Richard has posed a quote from Cole on the theme of the psalter. Much as I have benefited from Cole's paper on psalms 1, 2 and 149, I think that a single word can sum up the theme of the psalter: praise.
Why do I pick this one word? Because of the cumulative weighting of praise (הַלְל) in Book 5 as the chart on the left shows. One could also read into the weighting of forever in book 5, לְעוֹלָם - so there it is - praise for ever. I expect that תהלים, the name for the Psalms that is traditional in Hebrew thought, comes from similar observation.

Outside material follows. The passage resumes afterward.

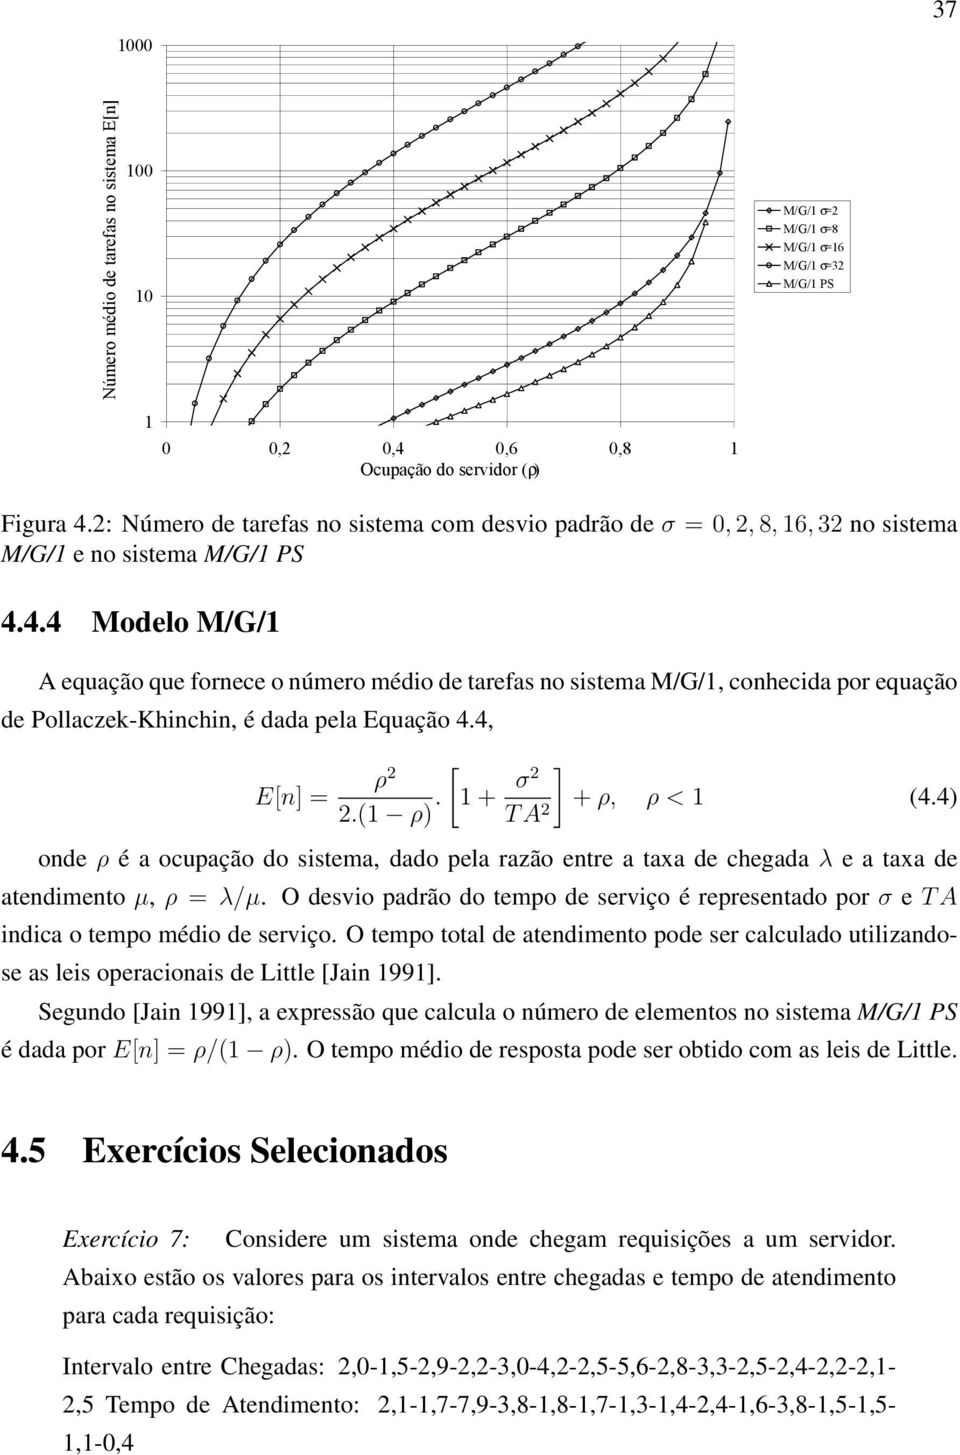 4.4 Modelo M/G/1 A equação que fornece o número médio de tarefas no sistema M/G/1, conhecida por equação de Pollaczek-Khinchin, é dada pela Equação 4.4, E[n] = ] ρ [1+ 2 2.(1 ρ). σ2 +ρ, ρ < 1 (4.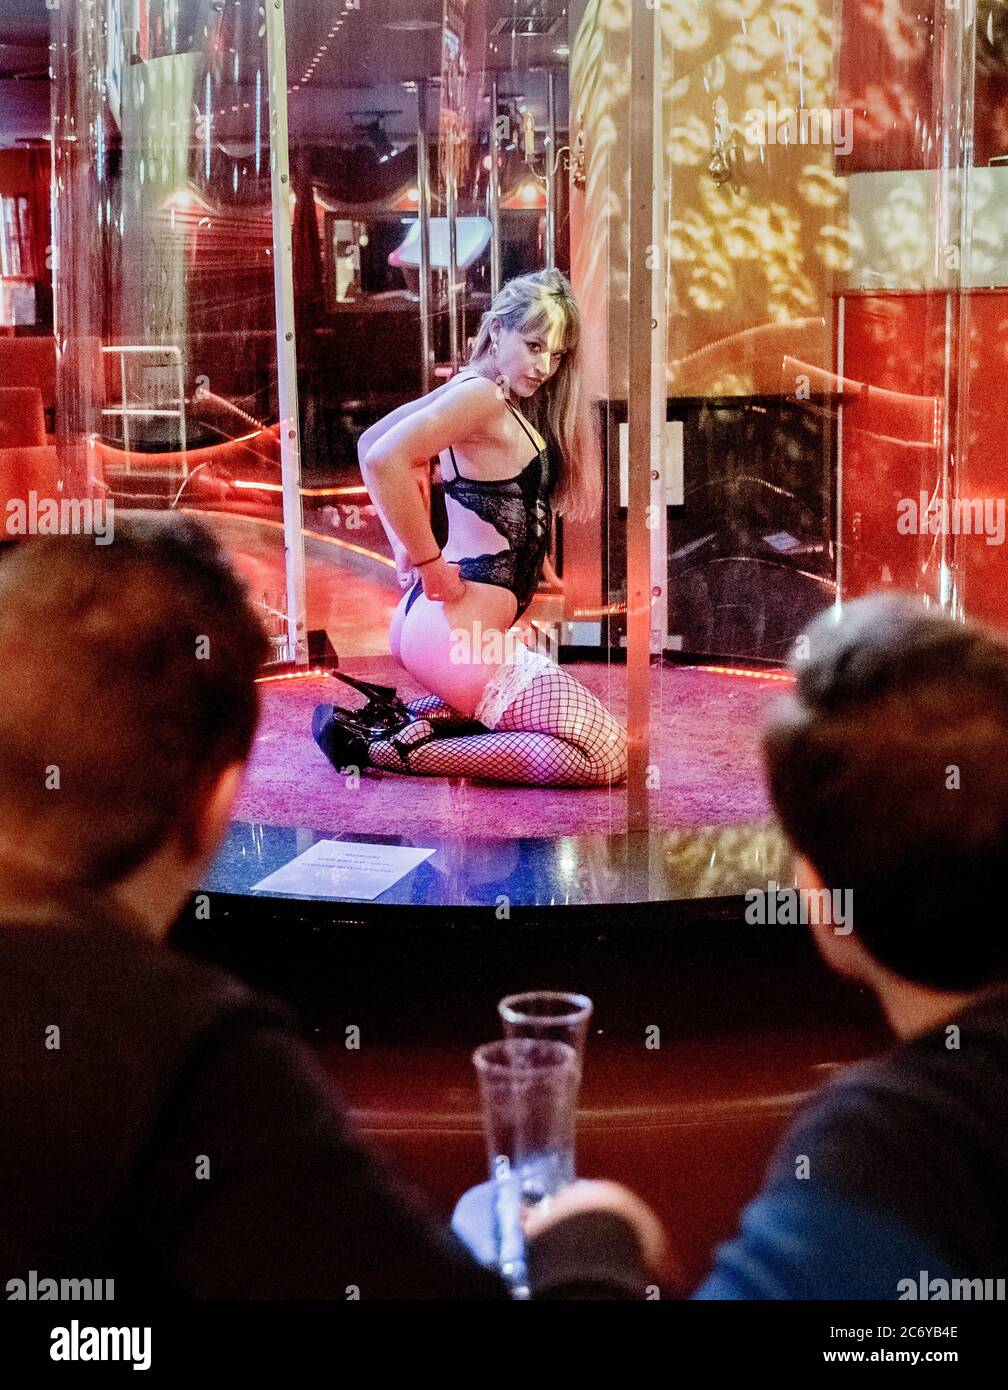 Hamburgo, Alemania. 11 de julio de 2020. Una bailarina baila en 'Susi's  Show Bar' en un tubo de plexiglás, que se supone que protege a ella y a los  invitados contra el

Psalm 22:3 captures it also: יוֹשֵׁב תְּהִלּוֹת יִשְׂרָאֵל - enthroned on the praises of Israel. John Hobbins has a nice expansion on the word praise here.
Eventually, I want to move from the multi-thematic frequently used words of the Psalter to this single aspect of praise. How does such a theme arise out of a long and tortuous tradition and an equally long and fractious history? How does it unify the movement from the wicked to the saints exemplified by the plural of Psalm 1 and the judgment of the plural חֲסִידִים in Psalm 149? This word is usually rendered as saints - but it is like its root, chesed, untranslatable. It means those to whom God has shown his chesed or those who are under God's protection, in this case loving kindness or mercy as shown through the covenant. (Lots of words for one word!)
We have seen the words that suggest to us that there are many themes in the Psalter: Whether it is the 8 repeated words of Psalm 119 that expand on the nurturing love of God for each individual and for the chosen, or whether it is the promise of covenant and the lament at its difficulty that pervades books 1 to 3, it is clear that enemies, troubles, sins, and failures, mercy, delight, and joy of the people - both chosen and otherwise - provide the context in which faith and trust in God's instruction are expressed.
I want also to return to my first questions on this blog over two years ago: why it is that there is no trumping of tradition by the words of Jesus in the letter to the Hebrews? Rather the tradition itself speaks of the anointing of the people and of the embodied dialogue of God with his equally concrete chosen anointed from the beginning, in the record of their lives and in the life of the nation.